Part of the confusion comes from an overabundance of available depth cues in typical viewing. Motion-in-depth cues can arise from both retinal and extraretinal sources and can be monocular or binocular. Monocular cues include retinal image features (e.g., shading, texture, defocus blur, perspective, optical expansion, kinetic depth cues, motion parallax, etc.; Guan & Banks,
2016; Held, Cooper, & Banks,
2012; Zannoli, Love, Narain, & Banks,
2016; Zannoli & Mamassian,
2011), and ocular accommodation (Guan & Banks,
2016; Mon-Williams & Tresilian,
2000). Binocular cues include retinal disparity, inter-ocular velocity differences (Nefs & Harris,
2010; Nefs, O'Hare, & Harris,
2010), change in disparity over time (Nefs & Harris,
2010; Nefs et al.,
2010), ocular vergence (Mon-Williams & Tresilian,
1999; Mon-Williams, Tresilian, & Roberts,
2000) and version angles (Backus, Banks, Van Ee, & Crowell,
1999; Banks & Backus,
1998).

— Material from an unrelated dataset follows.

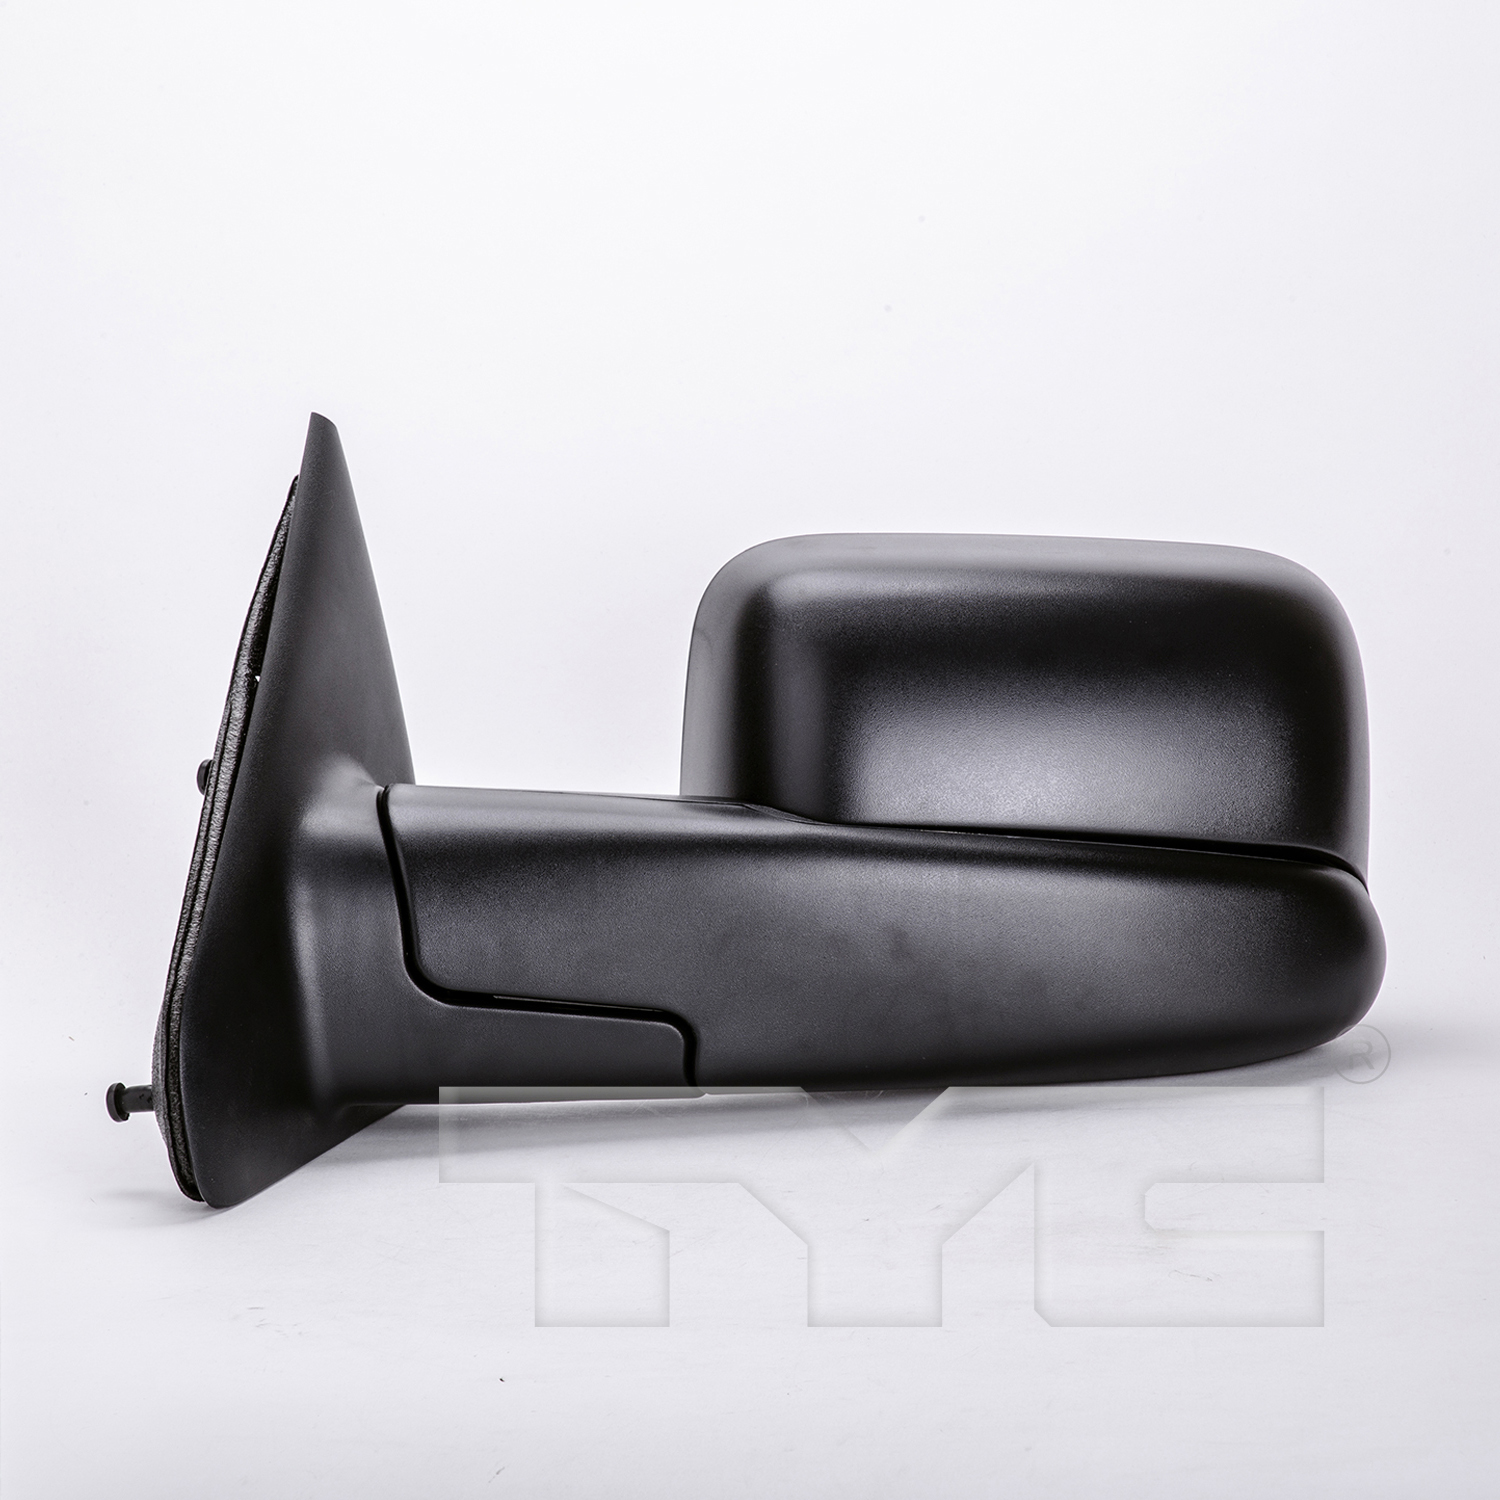 Aftermarket MIRRORS for DODGE - RAM 1500, RAM 1500,05-09,LT Mirror outside rear view
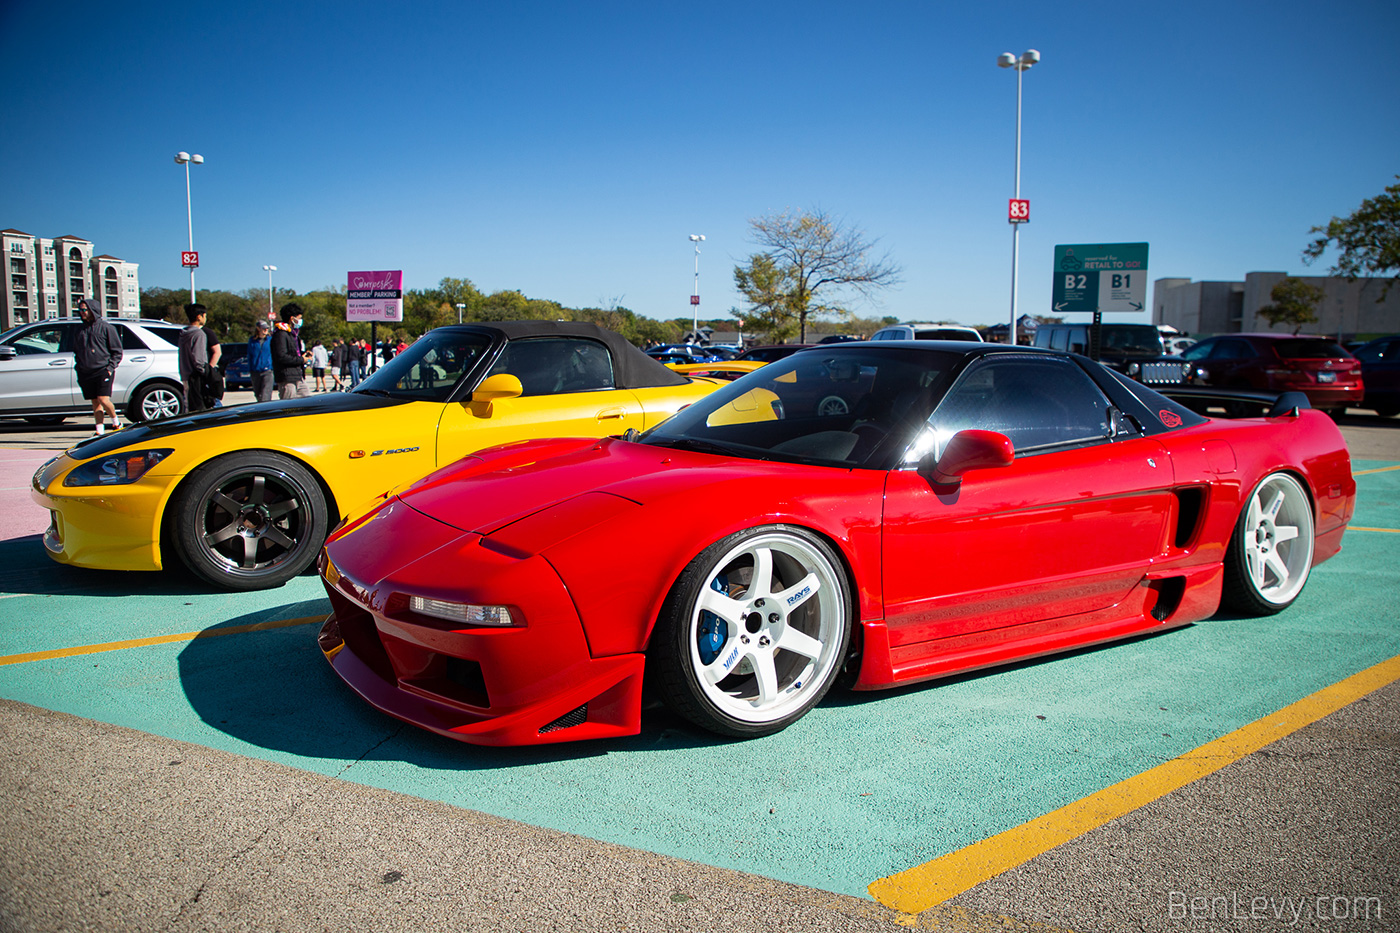 S2000 and NSX at Mall Parking lot

Ultimately, however, because retinal disparity varies nonuniformly with 3D eye-in-head orientation (Blohm et al.,
2008), retinal signals alone are insufficient to estimate motion-in-depth; rather, the visual system must account for the full 3D geometry of the eye and head (Blohm et al.,
2008; Harris,
2006; Welchman et al.,
2009). Indeed, Blohm et al. (
2008) demonstrated that the visual system accounts for 3D eye-in-head orientation to accurately reach to static objects in depth, but how this finding extends to
moving objects in depth is unclear. Harris (
2006) and Welchman and colleagues (
2009) found psychophysical evidence supporting the use of binocular extraretinal signals (both static and dynamic) for motion in depth perception, but their relative contributions to the spatial 3D percept remain unclear. Here, we attempt to answer this question by asking participants to reconstruct motion-in-depth trajectories from only binocular depth cues across various vergence and horizontal version angles, then use 3D geometric modeling to compare these reconstructions directly to motion-in-depth perception predicted by relative disparity.